The frigate burst out of the mass relay, slid past a lumbering container ship, and, building speed, raced toward the planet, coming onto its orbit at the steepest permissible angle.
"Commander, we're over the planet," Moreau reported. "I'm observing our first coordinated strike on the guest. The shrimp is wobbling. It clearly doesn't like it, but take off… gods! It can't take off! Ingvar, I owe you one!" Jeff put the Normandy on an attack run. "Bill, in thirty seconds I'll be at the firing point. Firing point!" Moreau exclaimed.
The frigate's strike was terrifying. Swallowed by flares of radiation generated in emergency modes by dozens of the nearest energy accumulators, weather stations, and emitters, the two-kilometer alien ship shuddered, trying to tear free of the tightening cocoon.
Everyone aboard the Normandy—and many on the planet—saw, on screens, through viewports, and with their own eyes, the "shrimp" trying to force apart the huge armored shutter-doors over its main emitter.
At the moment the first blood-red spark flashed deep inside the black throat of the emitter, signaling the activation of the pumping system, a salvo from the main guns of the reconnaissance frigate—the Thanix cannons—slammed into the lens. Two seconds later a second salvo followed, and then a third roared out.

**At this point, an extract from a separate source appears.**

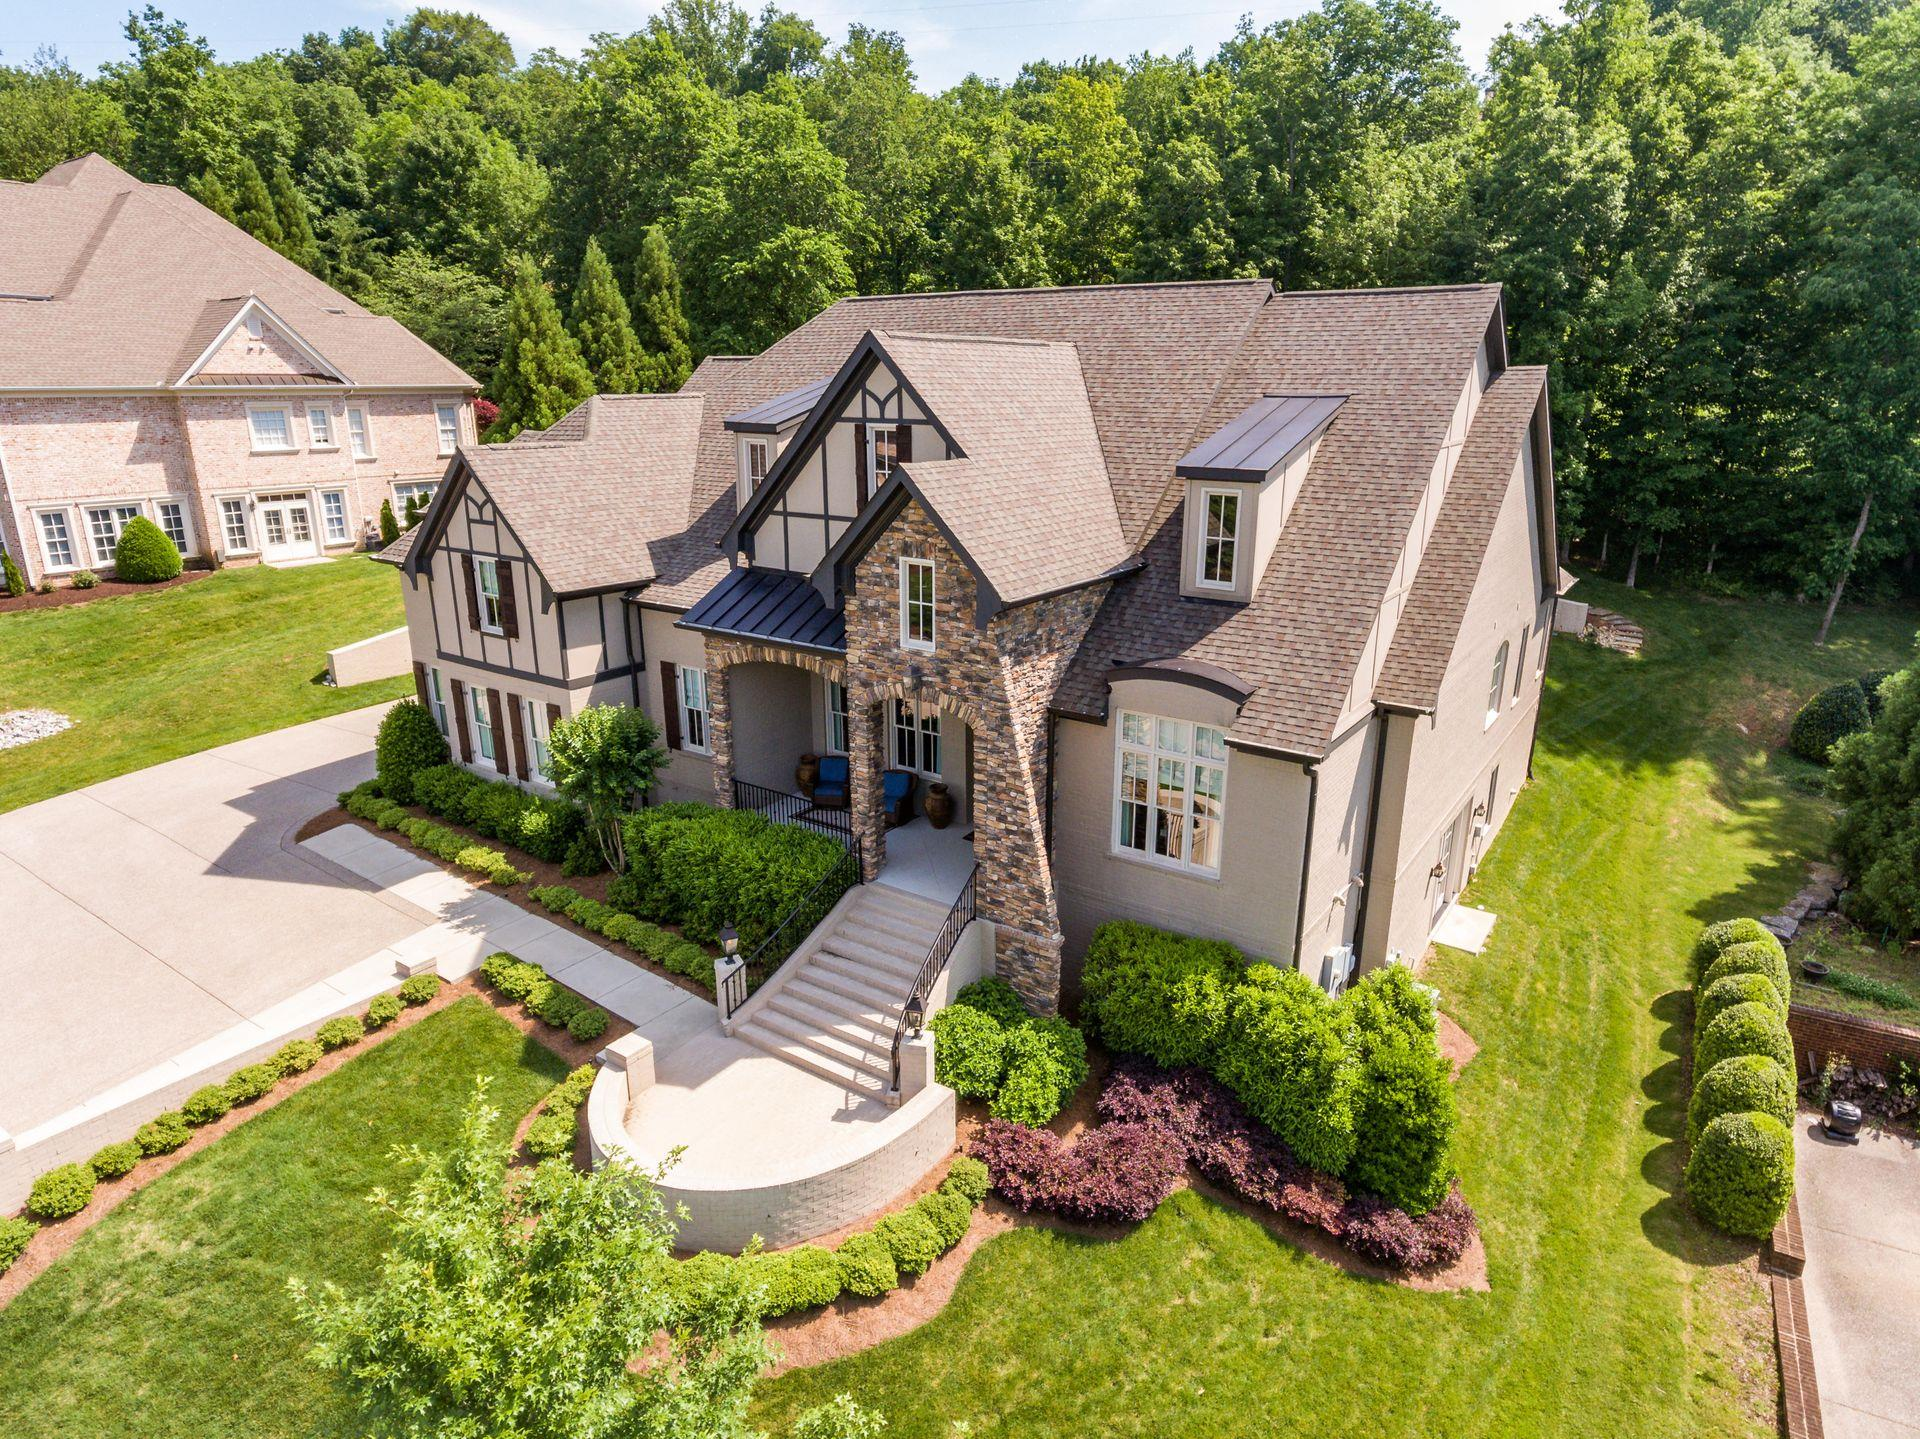 5500 Iron Gate Dr, Franklin, TN 37069 - Franklin, TN real estate listing

Every member of the Normandy's crew watched on their screens as, at the moment of the three hits, the tension rose on the energy circuits that had wrapped their tendrils around the uninvited guest.
The alien giant reeled even harder, began to list. And in that instant Bill drove three salvos into the "shrimp's" tendrils, forcing the alien's armor plates to bow at impossible angles, shredding actuators and shorting out energy circuits.
Several significant breaches opened in the giant's body.
All of it happened at the maximum permissible distances between the ships. Jeff even held back the Normandy's slide toward the giant slightly. In that moment of closing distance, Bill outdid himself: in a matter of ten seconds he managed to set up and execute a third pass—three additional salvos whose force proved unbearable for the intruder.
Under the bass hum of strengthening energy fields, under the grind of metal structures bending under the radiation, under the groan of the attacking frigate's POINT defense lasers, the "shrimp," jerking all four legs, crashed down onto the monorail structures leading to the reserve spaceport.
Contact with the monorail's live power components predictably caused additional damage, finishing off the alien ship's systems.
The Normandy swept over the dying giant from its tendrils to its crown, rolled, flew back to the tendrils, rolled again, and froze in place, holding the shrimp in the sights of the main-caliber guns and the POINT lasers.
"Commander, the alien's defenses are down. I have two signals indicating sentient organic life on board that ship," Ingvar reported. "Classifying… asari and turian, sir. They're alive, but in deep shock. Their vitals are… suppressed," the specialist уточнил.
"Commander." Moreau squinted at the screens. "I see geth dropships, sir. Three of them. They left the shrimp's hull through 'portals' and are now trying to get away from the position of the fallen giant, sir. Permission to open fire to kill?"
"Granted," Anderson said. "Bill. Make it so we won't have problems with them."
"Yes, sir." Deep satisfaction rang in the senior gunner's voice. "We'll do it!"
A few salvos forced all three geth dropships to crash onto hastily prepared metal launch platforms at the giant's feet. Hardly anyone but machines could have caught the moment when those platforms appeared there.